# Wallace flying frogs - Rhacophorus nigropalmatus



## neil1978 (Mar 22, 2008)

Is there any other keepers of this species in the UK?

or anyone know any European guys?


----------



## darrensimps (Aug 16, 2009)

neil1978 said:


> Is there any other keepers of this species in the UK?
> 
> or anyone know any European guys?


Would you not require a massive enclosure for these guys? 
Would be interesting to know if they're around and how they're kept.


----------



## neil1978 (Mar 22, 2008)

A fairly largish enclosure is needed for these guys, I only know of a breeder in the USA who keeps them and has bred these frogs.
He wrote a fairly good article in one of the frog journals I will put the link in if interested.

I am fortunate enough to have a trio at the moment that are doing very well


----------



## darrensimps (Aug 16, 2009)

neil1978 said:


> A fairly largish enclosure is needed for these guys, I only know of a breeder in the USA who keeps them and has bred these frogs.
> He wrote a fairly good article in one of the frog journals I will put the link in if interested.
> 
> I am fortunate enough to have a trio at the moment that are doing very well


That would be great, also could you post some details about your set up ect?

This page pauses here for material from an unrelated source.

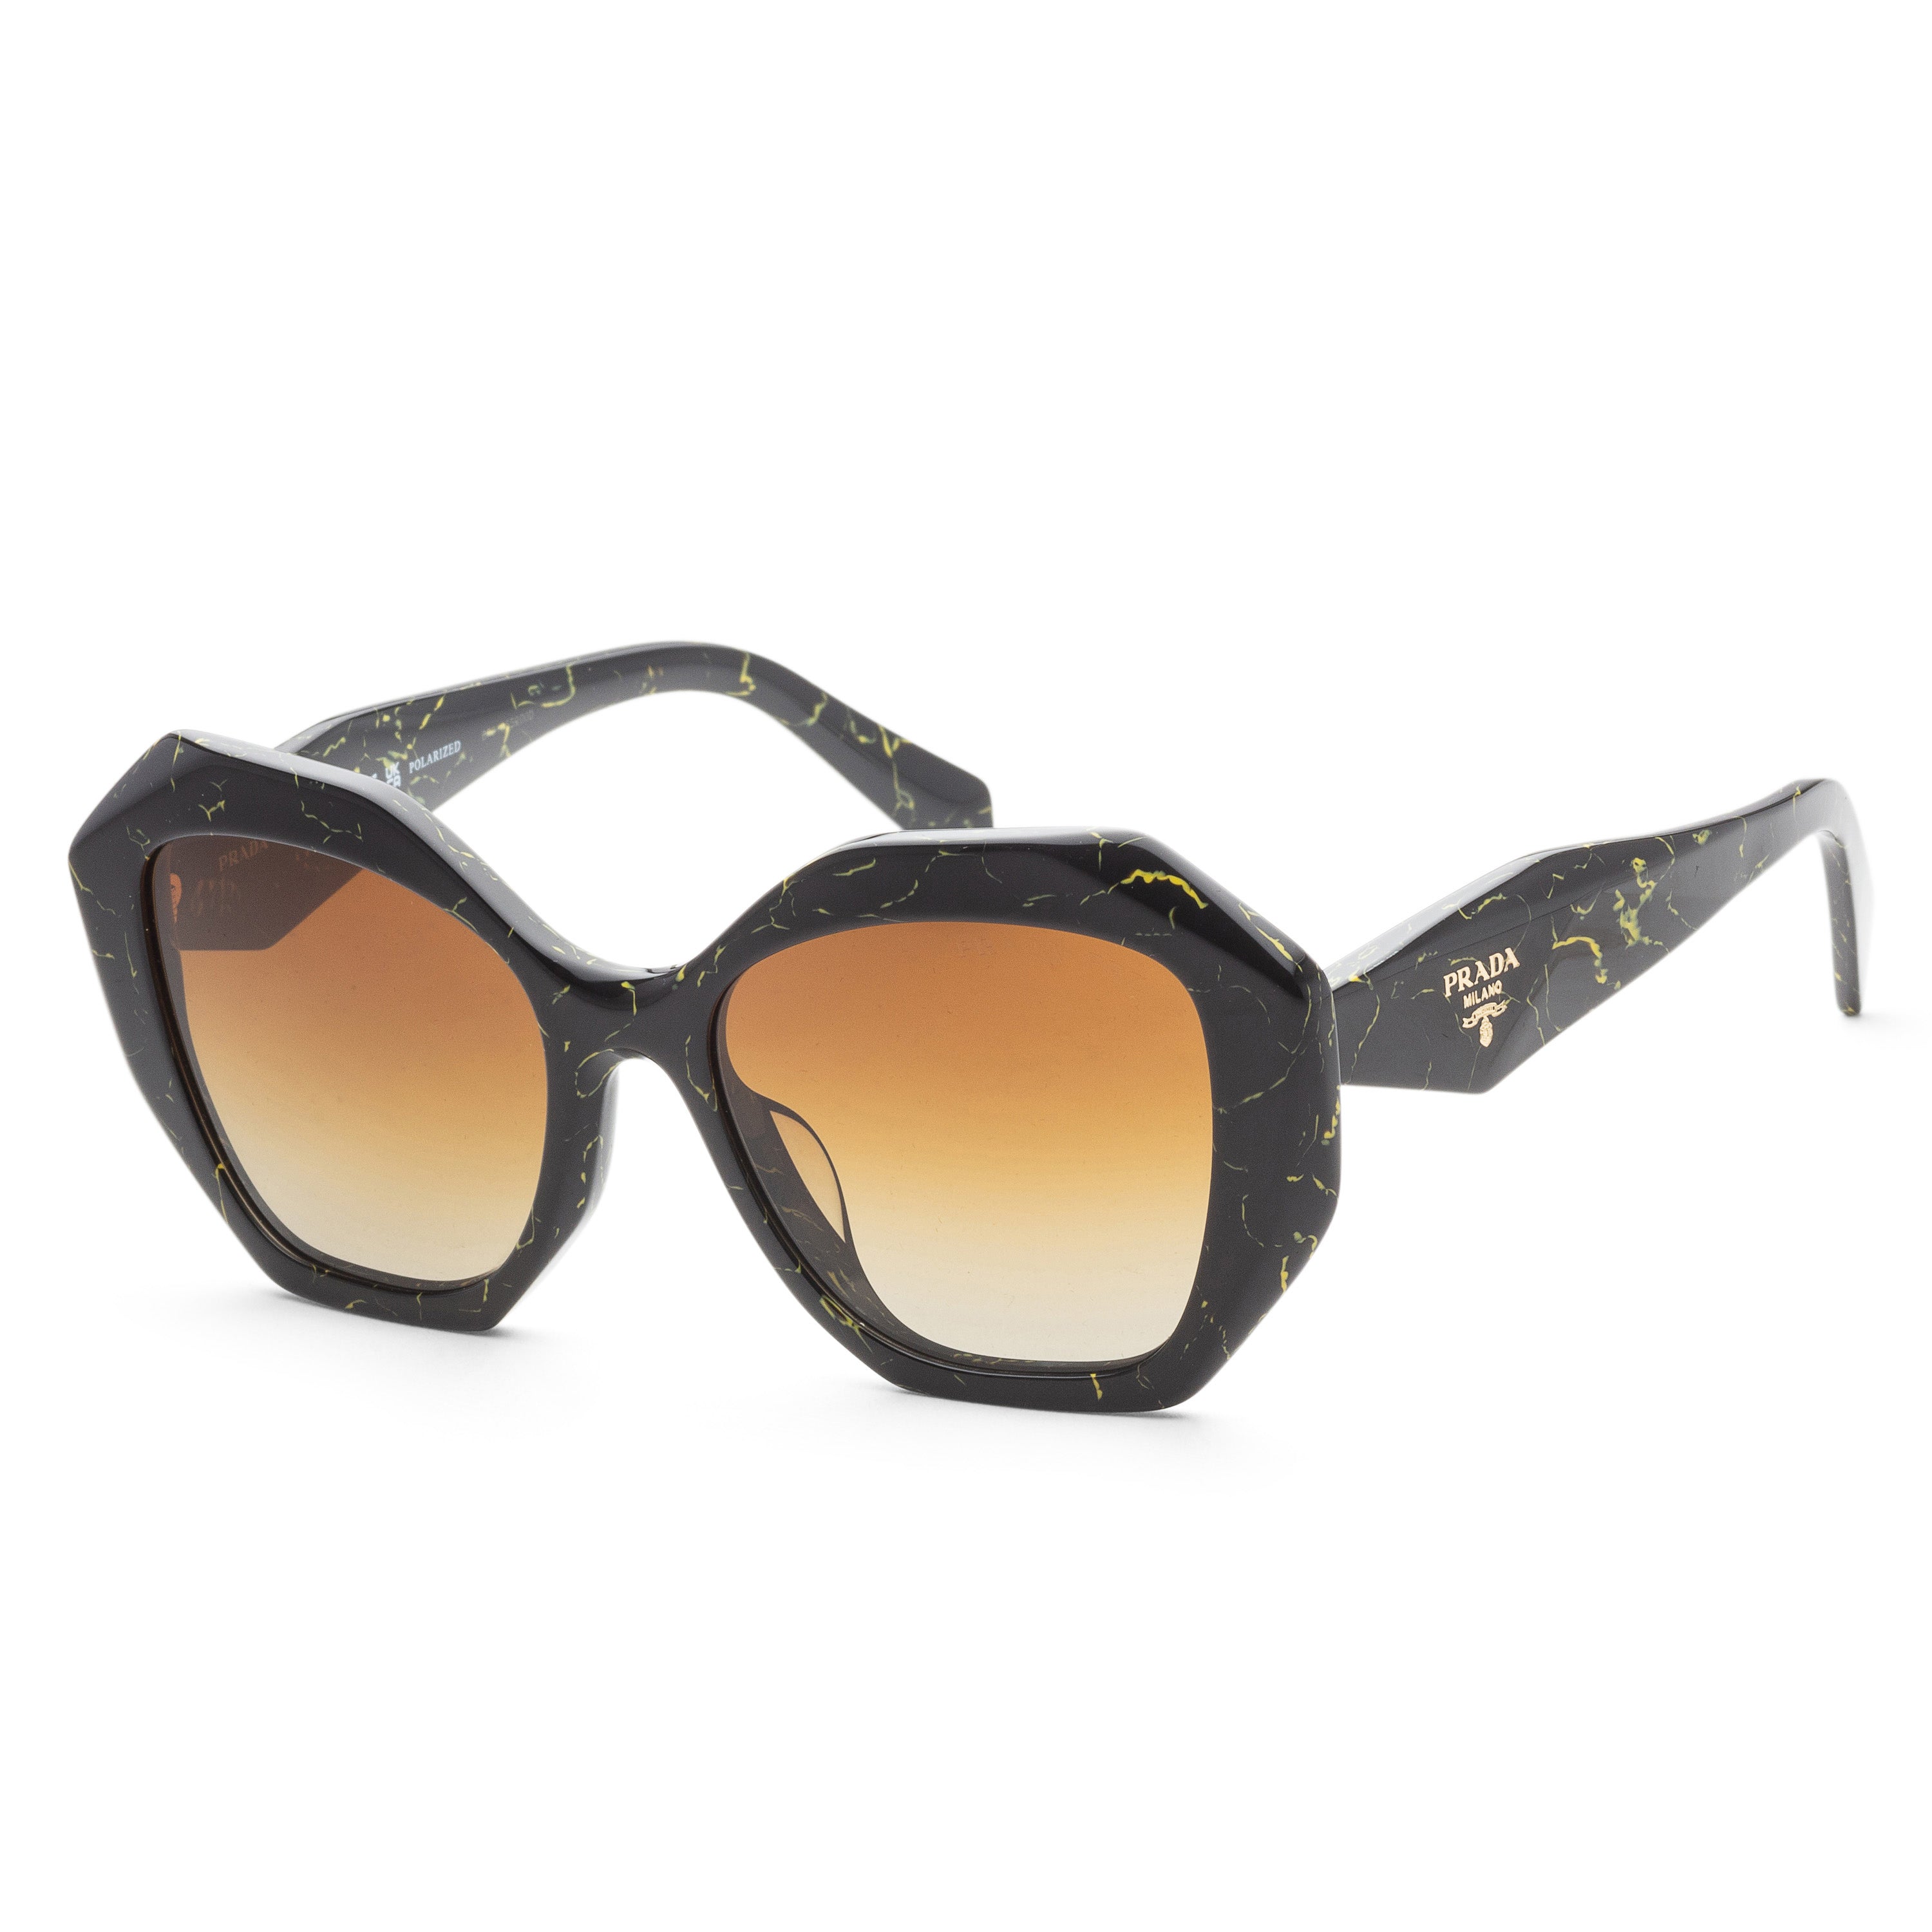 title:Prada Women's PR-16WSF-19D6E1 Fashion 53mm Black/Yellow Marble Sunglasses;color:Polar Brown Gradient Lens, Black/Yellow Marble Frame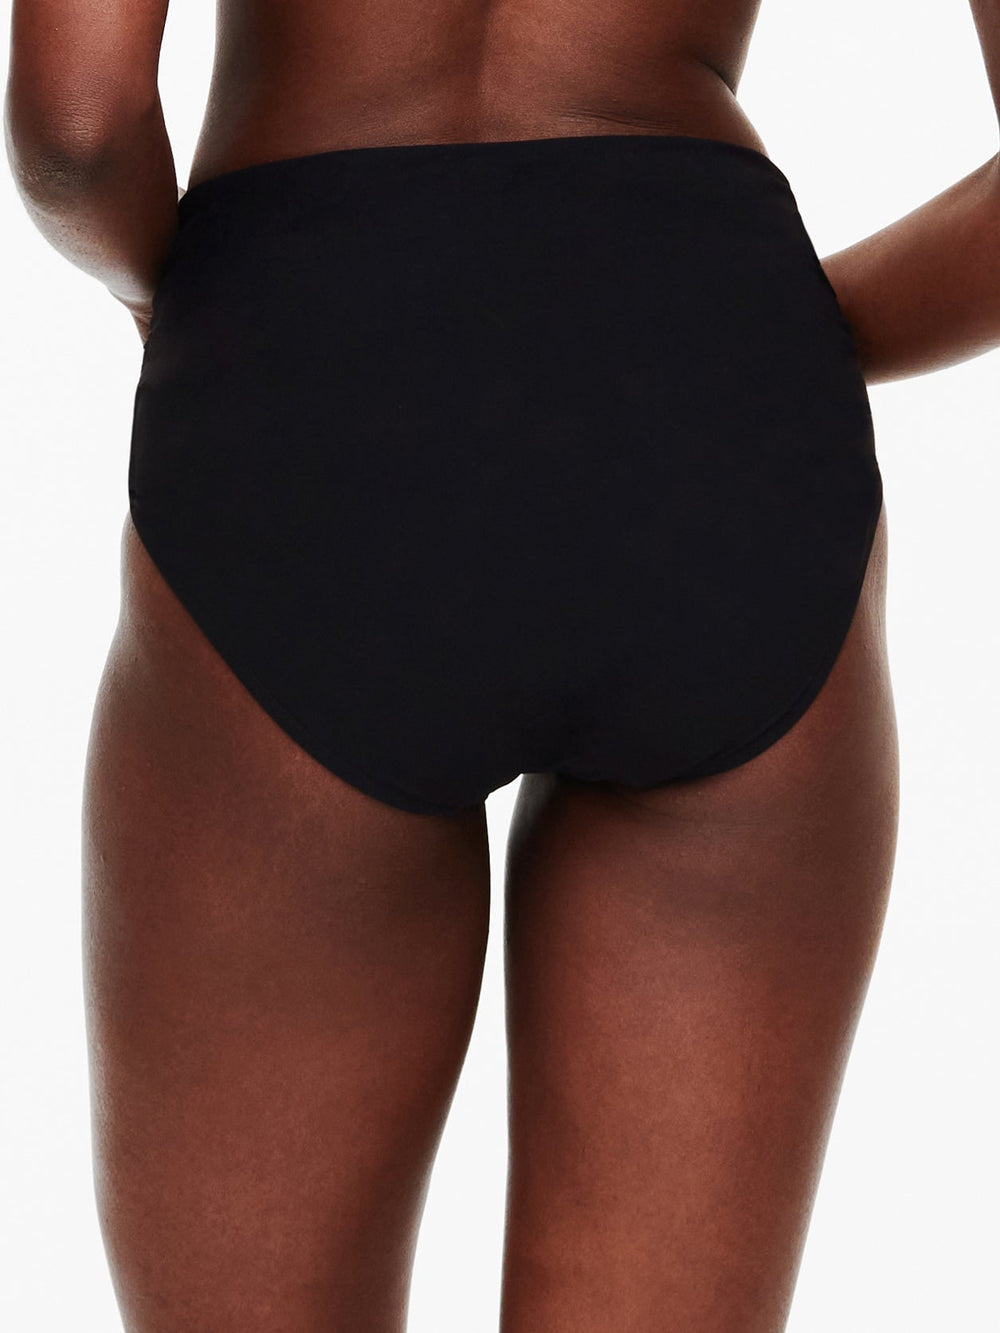 Chantelle Swimwear - Inspire Full Bikini Brief Black Full Bikini Brief Chantelle Swimwear

Maybe some photos ect? Would be very interesting to see  and the frogs ofcourse!


----------



## Arcadiajohn (Jan 30, 2011)

I saw some on Friday, the first to leave Malaysia for the UK in over 15 years I am told. I will be posting an image on our wall this week 

simply stunning is all I can say!

John


----------



## neil1978 (Mar 22, 2008)

John, do you know who will have them


----------



## Arcadiajohn (Jan 30, 2011)

No, not sure where they will go, stunning though, all feeding and a good size.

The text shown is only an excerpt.